> **What to work on**
Without any pictures, print the lines below from the one that has "Roberto Cavalli Butterfly" through the one that has "avast company overview", exactly and nothing else.

> **Supplied material**
*** Block opens ***

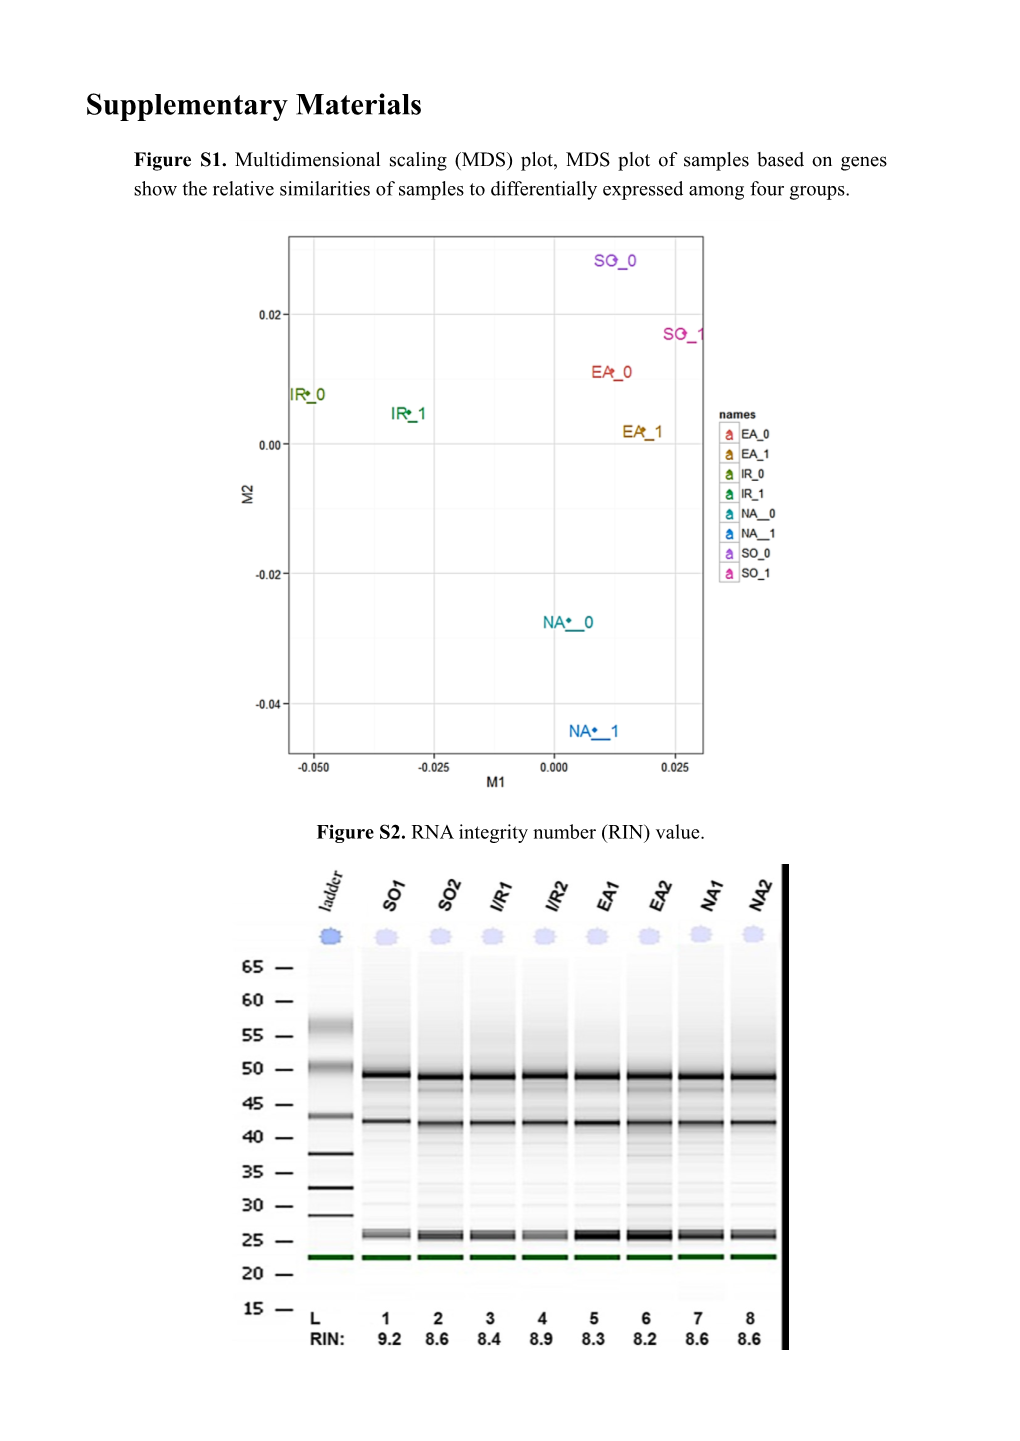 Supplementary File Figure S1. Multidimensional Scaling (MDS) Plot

*** Block closes ***
*** Block opens ***

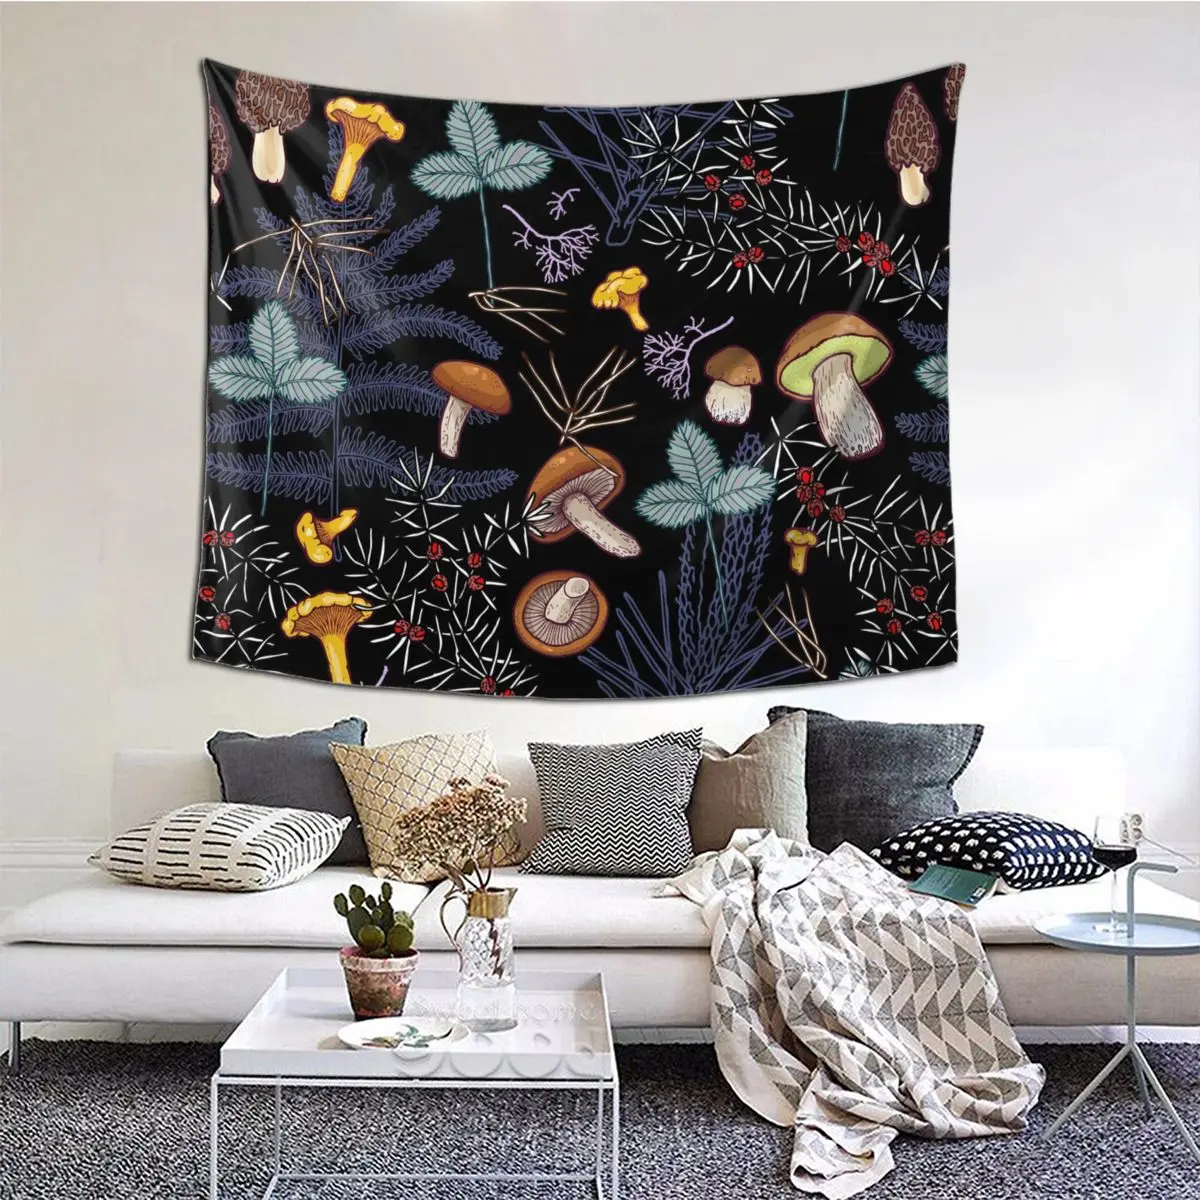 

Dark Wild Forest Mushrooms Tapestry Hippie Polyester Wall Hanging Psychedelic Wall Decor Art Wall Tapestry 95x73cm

*** Block closes ***
*** Block opens ***

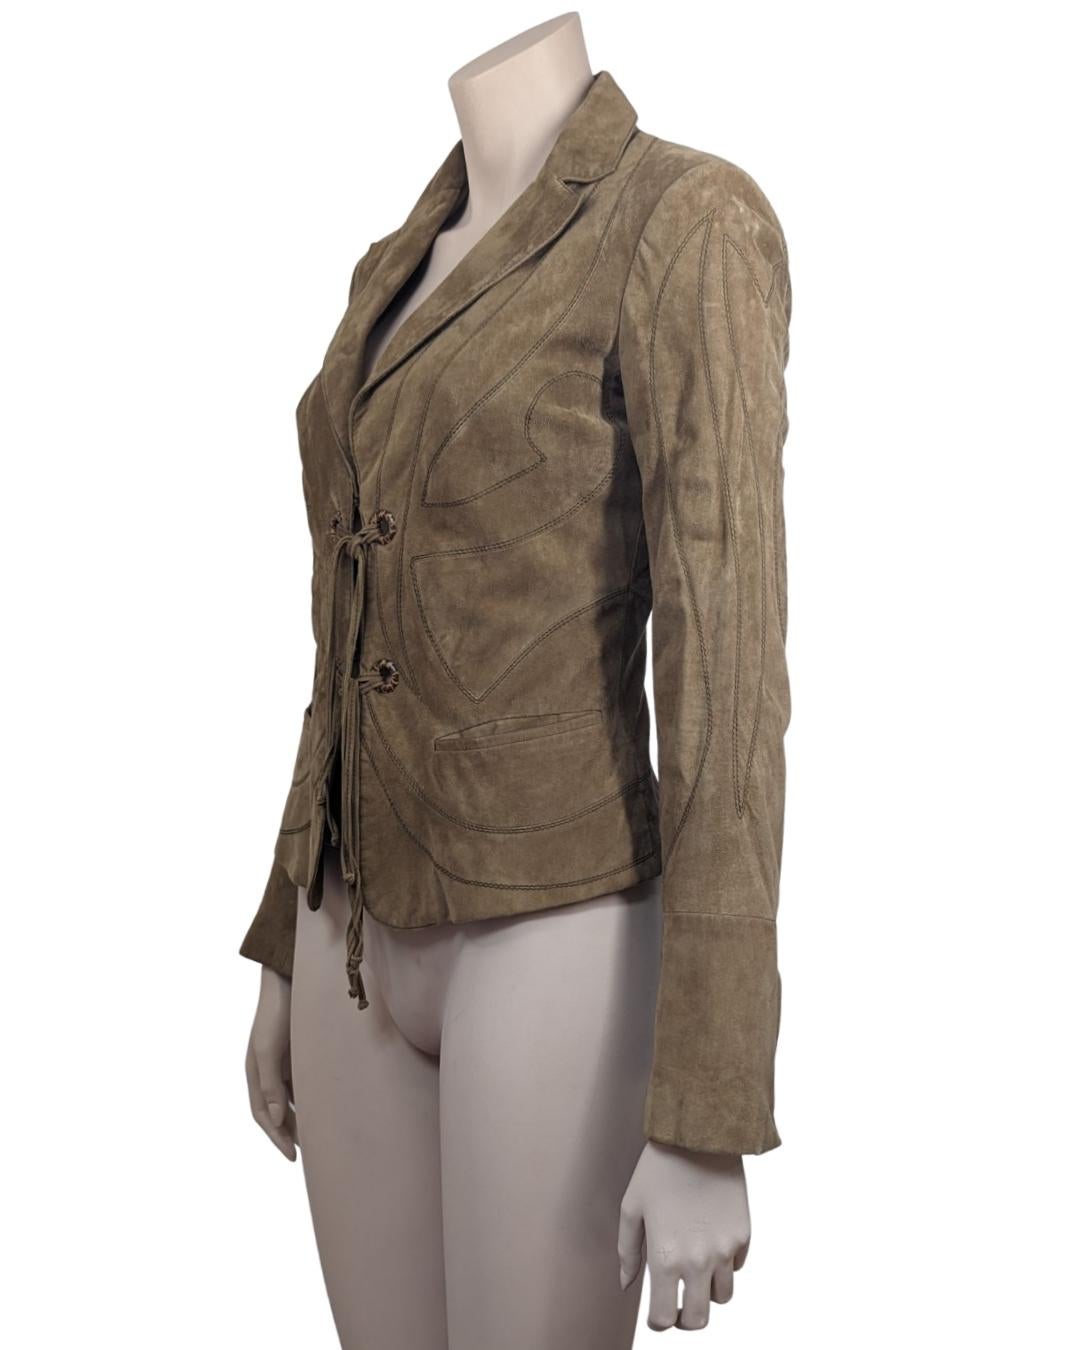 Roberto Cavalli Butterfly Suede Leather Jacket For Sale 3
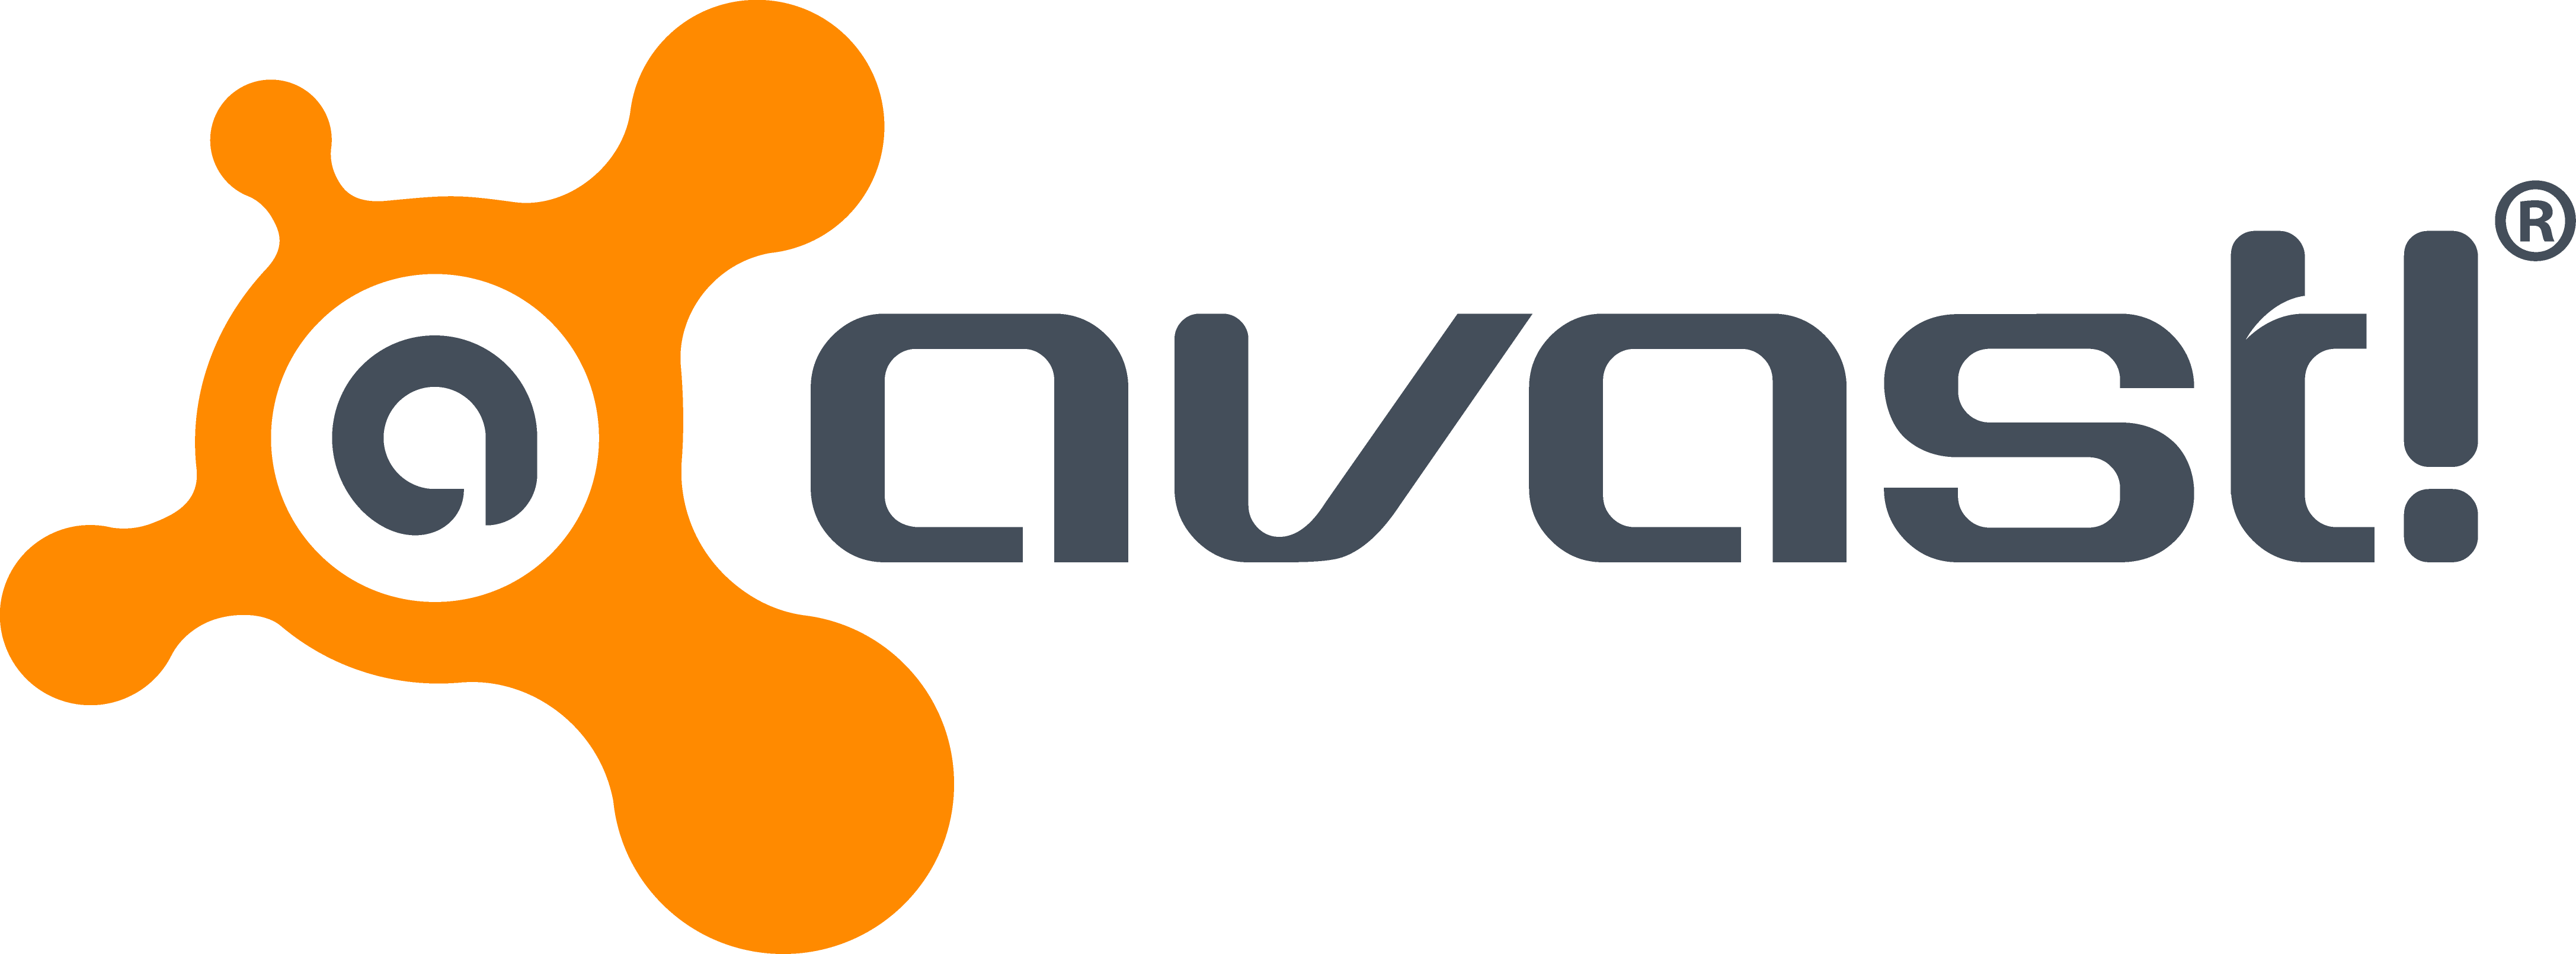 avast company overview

*** Block closes ***

> **Written answer**
 Roberto Cavalli Butterfly Suede Leather Jacket For Sale 3
 avast company overview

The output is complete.